This isn't the only way to do this and I won't claim it is the best. It just happens to be the way I did it when I was short of cash. I wanted to build an electric glass furnace that worked well and was relatively cheap to build. I did have some doubts when I built it - due primarily to the electric furnace manufacturer who told me, "It will NEVER work. You should buy one of my high-priced units instead!" (Okay, not in those EXACT words - but pretty close.) In spite of his warning, it works great and didn't cost an arm and a leg to build. Not including the temperature controller (which you'd probably want no matter what type of furnace you built), or the manual disconnect switch (which was given to me), the original control system on this furnace cost me less than $500, at retail prices. That doesn't count the elements, or the heat sinks that I scrounged for the SSR's . If you are a good scrounger it could cost even less.

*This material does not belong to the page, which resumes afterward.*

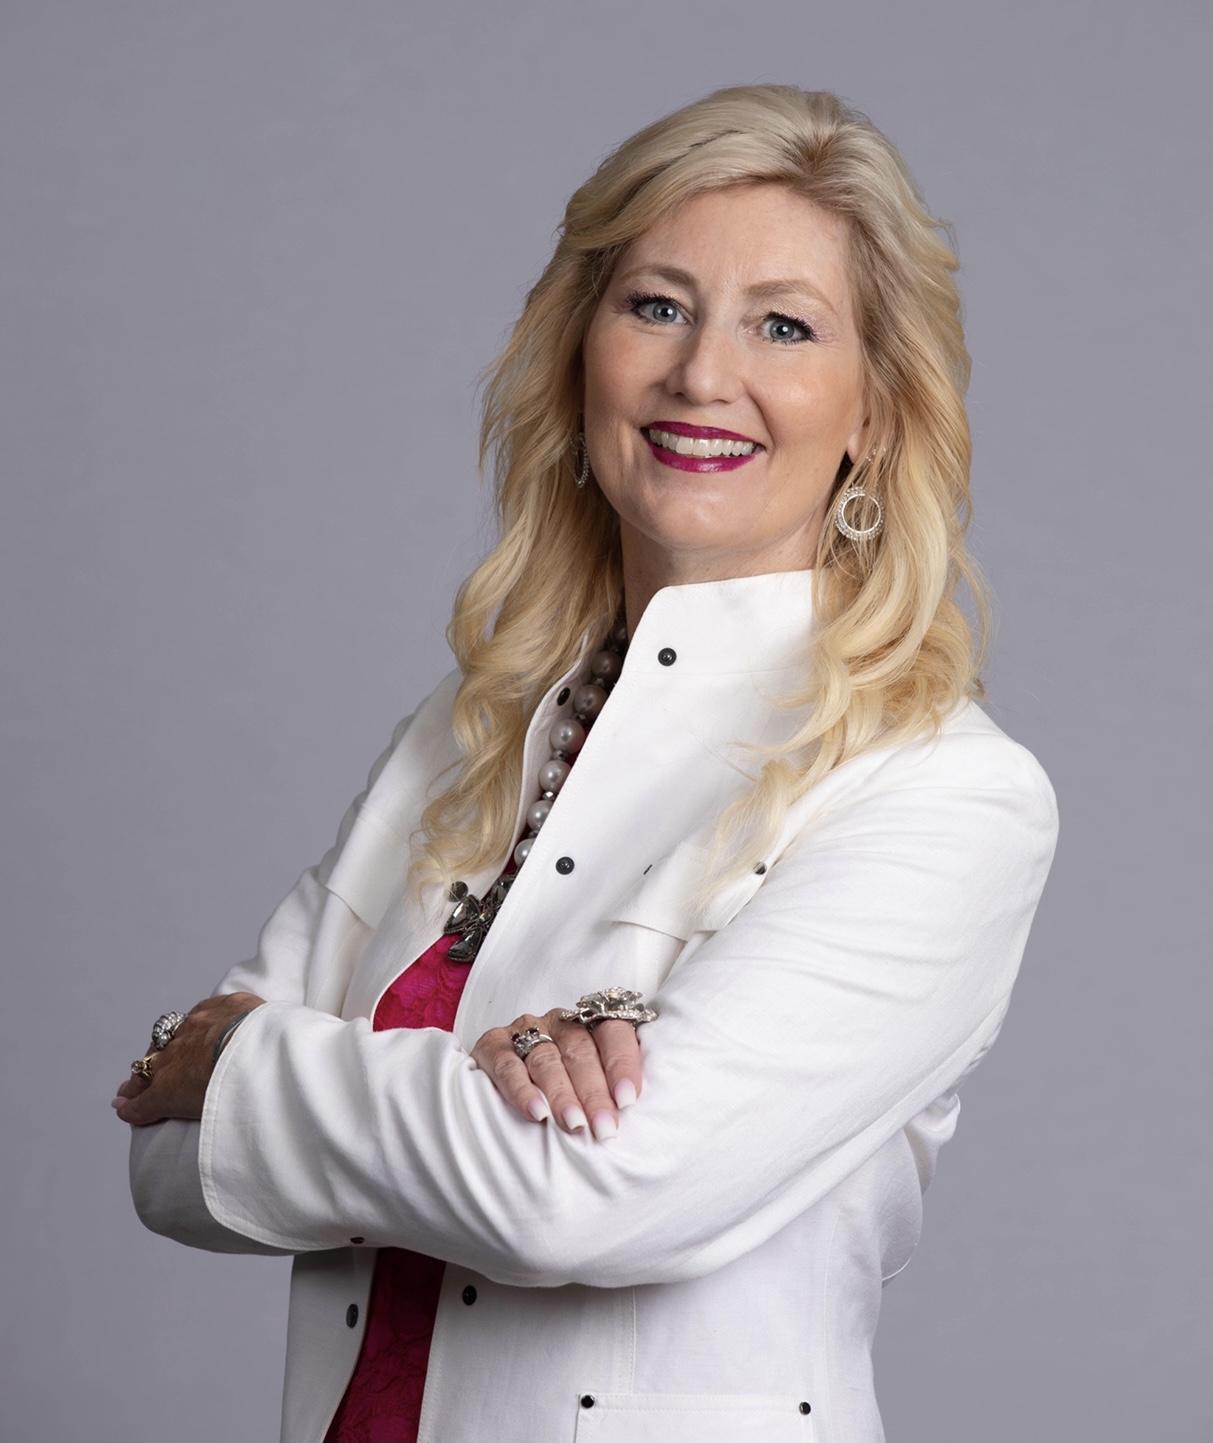 Dr. Candice Smithyman
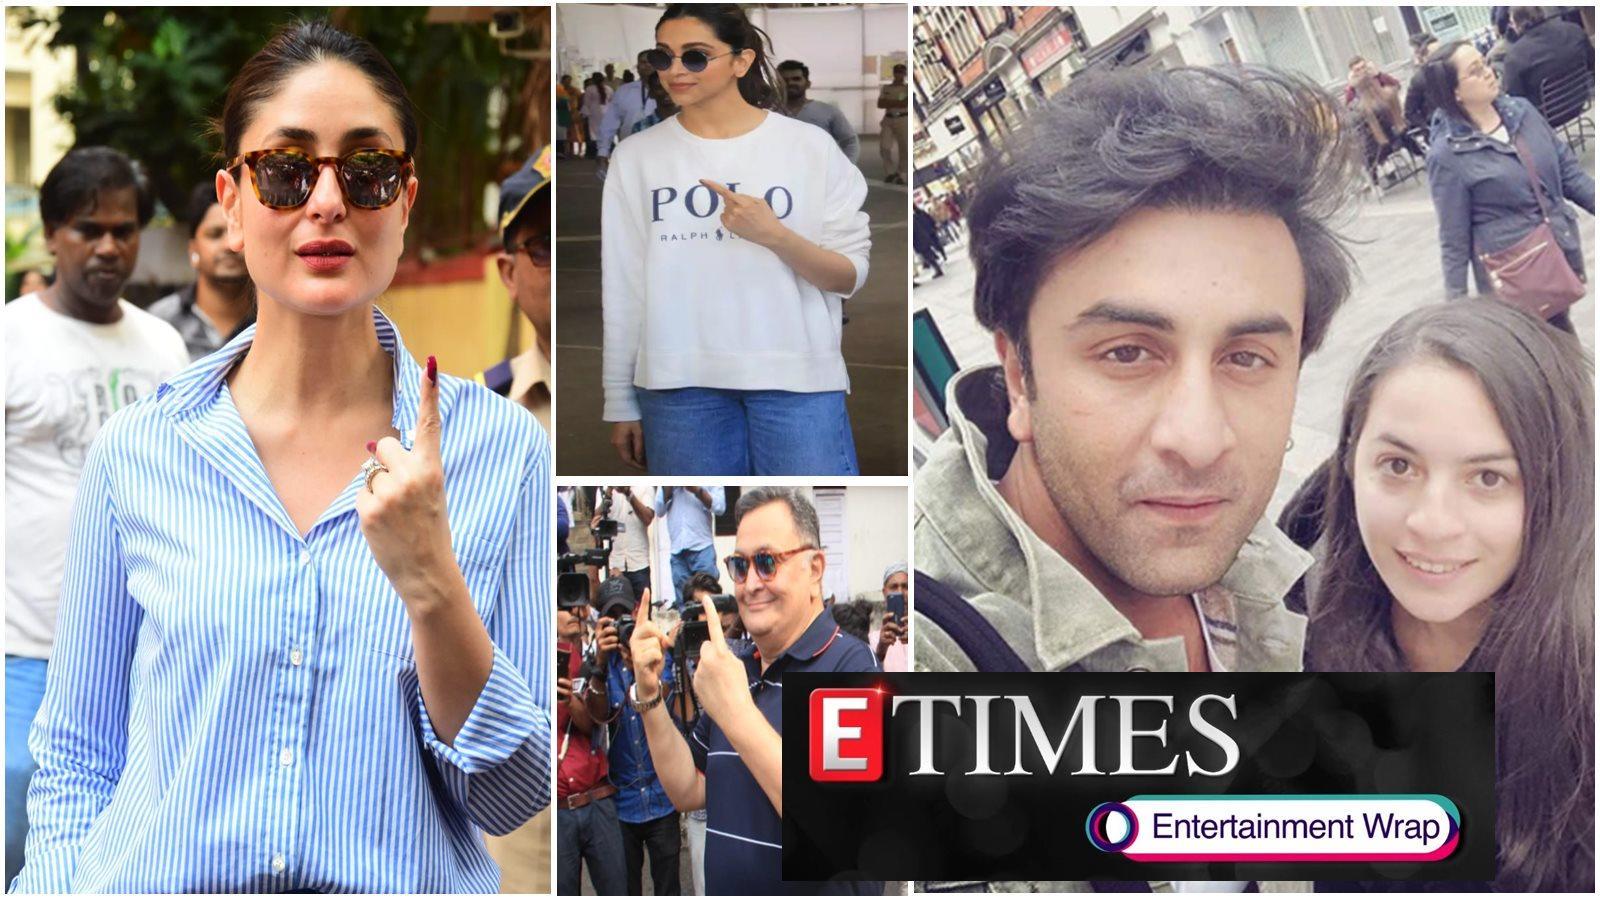 kareena-kapoor-deepika-padukone-cast-their-vote-in-mumbai-ranbir-kapoor-looks-dashing-as-he-poses-for-selfie-with-fan-in-london-and-more-

As of this update of this page, this control system worked virtually* (see below) trouble-free for more than 13 years, so it certainly met that part of my goals. The only reason it didn't last longer is because I finally closed my studio and dismantled the furnace due to sale of the building in which my studio was located. I am confident that otherwise both the furnace and control system could have gone years longer without any trouble at all.
*(The "see below" part): The only trouble I encountered with the control system was with the original mechanical door switch, which had been scrounged from a surplus yard. It only lasted about 6 or 8 months before dying, at which point I replaced it with an Omron photo-electric door switch. The Omron was still working perfectly when I dismantled the furnace.
Because I used an old mechanical shut-off switch on the door when the furnace was built, instead of the Omron photoelectric switch that replaced it, this control system actually cost me less than $350 when I built it. But as mentioned above, the mechanical switch proved to be unreliable (my only problem with the system over the years) so I was forced to spend $165 for the Omron (it was the only thing immediately available when the mechanical switch failed). While the Omron is a very nice switch, less expensive photoswitches are available that will still do the job. Decent ones usually cost in the $100 - $120 neighborhood. Based on my experience, they are well worth it. I strongly recommend a photoelectric door switch instead of a mechanical one.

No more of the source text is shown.